Merle Haggard – Branded man
Complementing the ten new original tunes on Like Never Before is a glorious duet with Willie Nelson of Woody Guthrie’s “Philadelphia Lawyer”. It’s a cowboy song, not a political number, but still a revealing choice.
“It’s hard to find songs for two men to sing together,” he begins. “And it was a Woody Guthrie tune, and it was written the year I was born, and it was given to Rose Maddox, who recorded it, I think, first (or next after Woody, at least). And it had a long history of being a song that had been around me that I’d never cut, and Willie has never cut it, and that’s sorta odd because between the two of us we’ve cut the Bible, you know?”
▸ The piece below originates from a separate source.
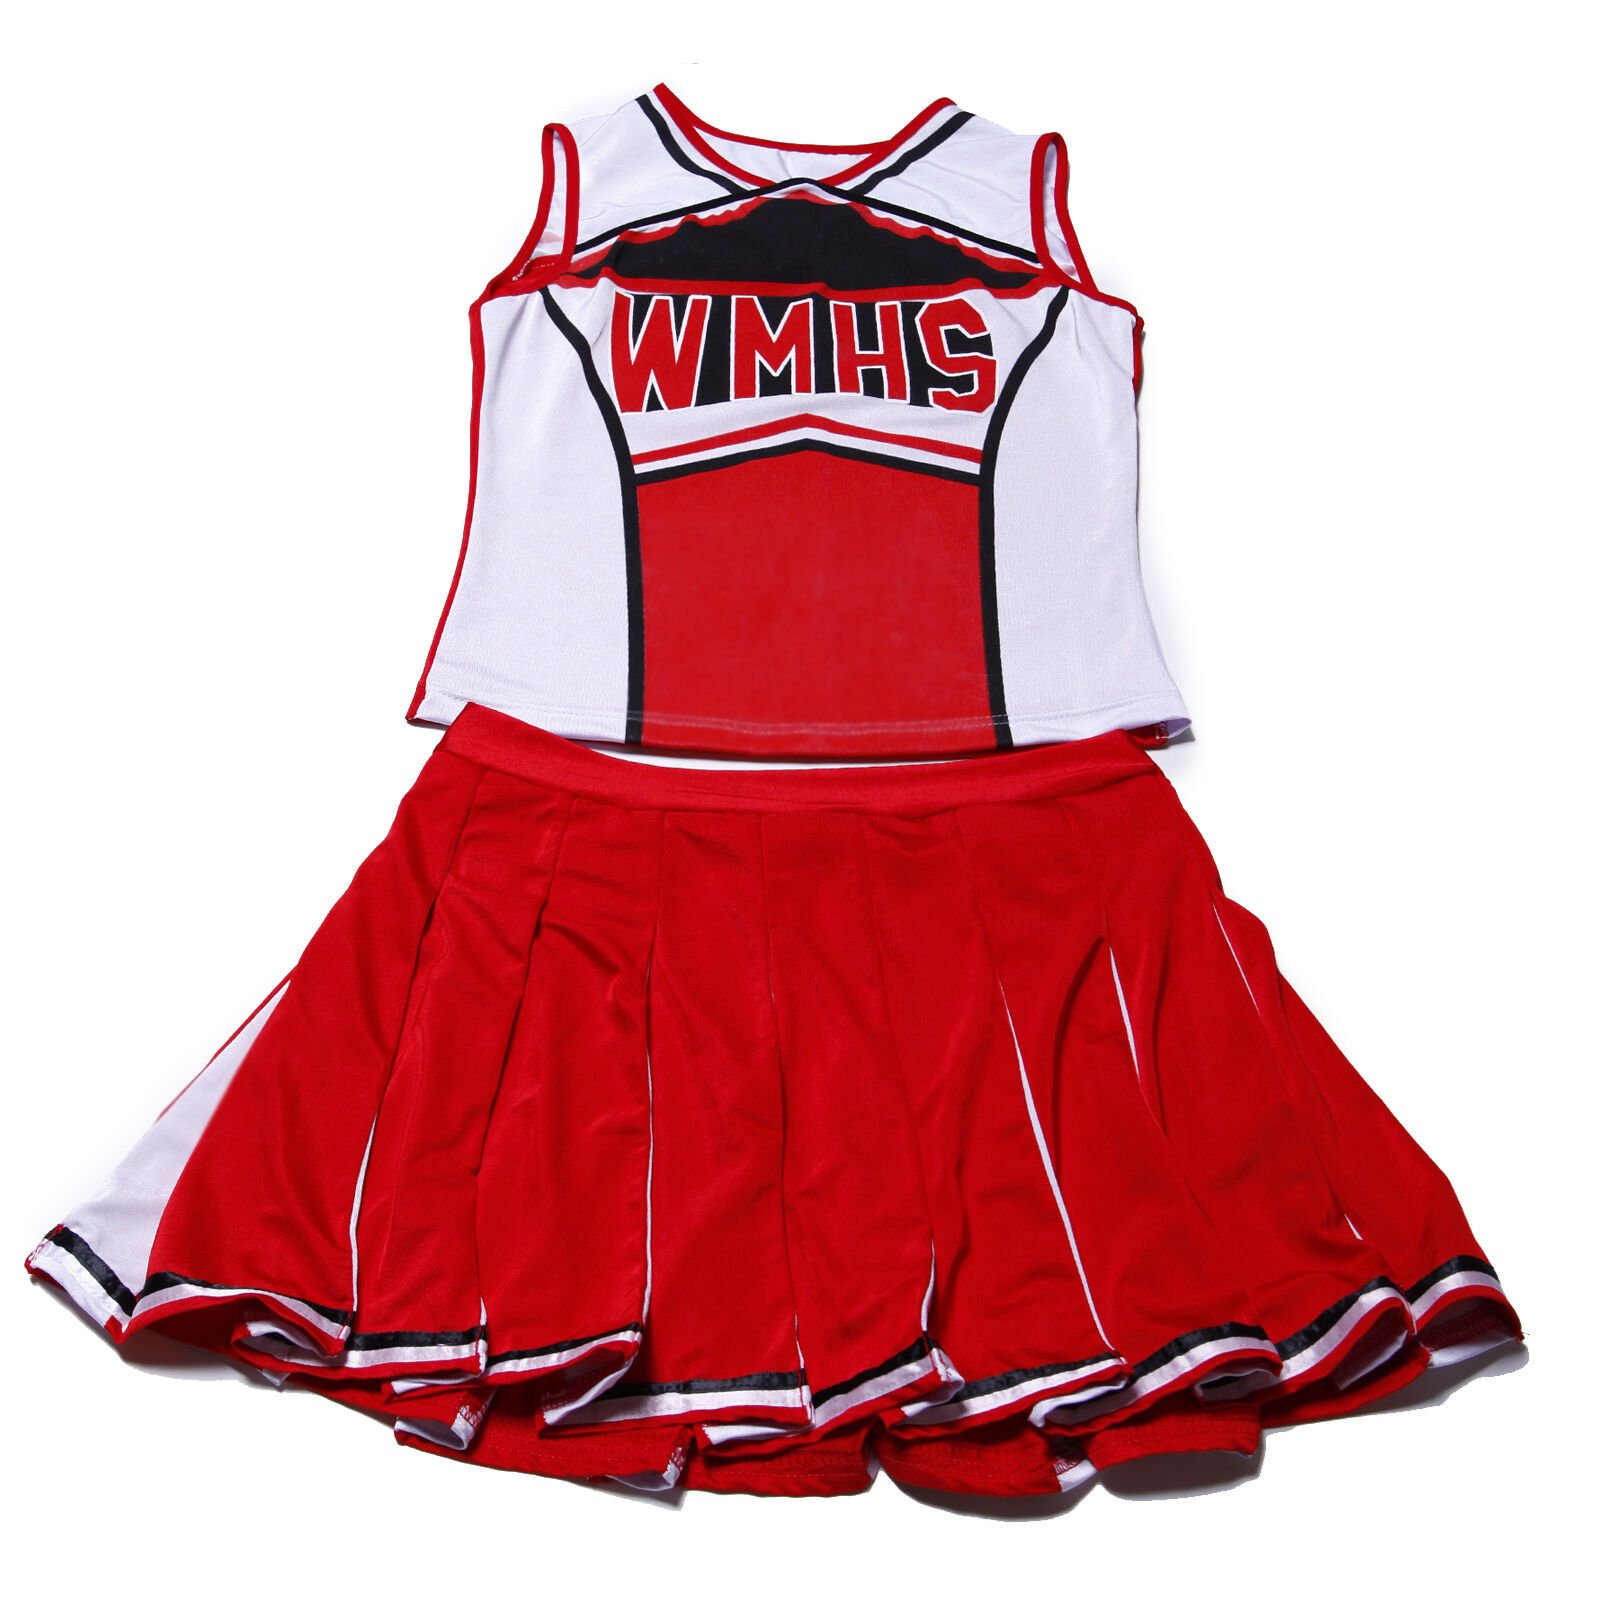 Cheerleader Cheerleading Glee Costume

(Bonnie Owens sang the song on Haggard’s 1970 live album, The Fighting Side Of Me; Nelson cut a version on the 1988 Folkways tribute, A Vision Shared, but no matter.)
Haggard’s rationale gives a hint of the deep, passionate, probing nature of his musical curiosity. A question about the relative obscurity of western swing pioneer Milton Brown brings a cackle of delight. “I’m glad [Brown’s music isn’t often recorded] because I’m fixin’ to record a bunch of it. I’ve got a tape in my truck as we speak of Milton’s stuff, and I just told a couple of people in my staff to find everything they could find on him. I’m going to do a study like I’ve never done before, and it’s just the most enjoyable study I’ve ever got into.”
There it is. Far more than “Okie” and even fame, it’s the music that still speaks to Haggard. Just watch him close his eyes onstage when the band hits it right. “Some artists — I won’t mention any names — wouldn’t tell you who they admired, if their life depended on it,” he says. “There’s something arrogant about that I don’t like; I like people that are not too big to talk about who they like.”
Another question, suggesting he phrased a bit like Maurice Chevalier on “I Hate To See It Go”, elicits a more revealing correction. “You know, I have a problem with that,” he says. “I have a habit, and we are characters of habit. I’ve always enjoyed impersonations, and when I tell stories, I fall in and out of characters. When I sing songs, sometimes certain characters will just jump and appear at the moment. That’s my attempt at Satch. It just sounded like Louis Armstrong ought to be [singing] ‘He’s just like you.’ I don’t know if we ever meant that to be the final vocal, but it came off good. That’s probably a little bit of Louis Armstrong trying to come out there. He was probably sitting there in the studio and tickled me on the neck or something.”
Though he is not writing songs at the clip he once did, Haggard seems to have entered into a newly fertile stage, and to be moving forward with fresh urgency. He has become a man with abundant plans for his future.
“We have a swing album we’re keeping as a release if we don’t have a new Merle Haggard record, which we may have,” he says. “I write sporadically, and it’ll probably be something that I haven’t cut yet. I kept a couple songs back that was maybe current-event related to September 11. For example, I have a song called ‘Flight 93’ that’s going to be on the next album. And I have a song, it’s about feelings on Iraq and where we’re at — why don’t we take a look around and recognize some of the problems in California and Oregon?”
But his response to news of the death of his old friend, Johnny Cash, which arrived in the midst of a battery of interviews for his new album, is most telling. “I think when the next Bible’s written he’ll be something like Moses,” Haggard says.
“I didn’t want to face it anymore than anybody else did. I did around twenty interviews that morning, and when I got loose I just went out in the studio and I didn’t want to sing anything except Johnny Cash songs. And I thought, you know, I don’t want to forget something here, so me and my wife recorded a really good track on ‘Jackson’. I don’t know, I might do a really extensive album to Johnny Cash.”
Andy McLenon is a Nashville-based record executive, music collector, and pop-culture connoisseur. Grant Alden is co-editor of No Depression. They don’t much agree on politics, but do agree on Merle Haggard’s genius.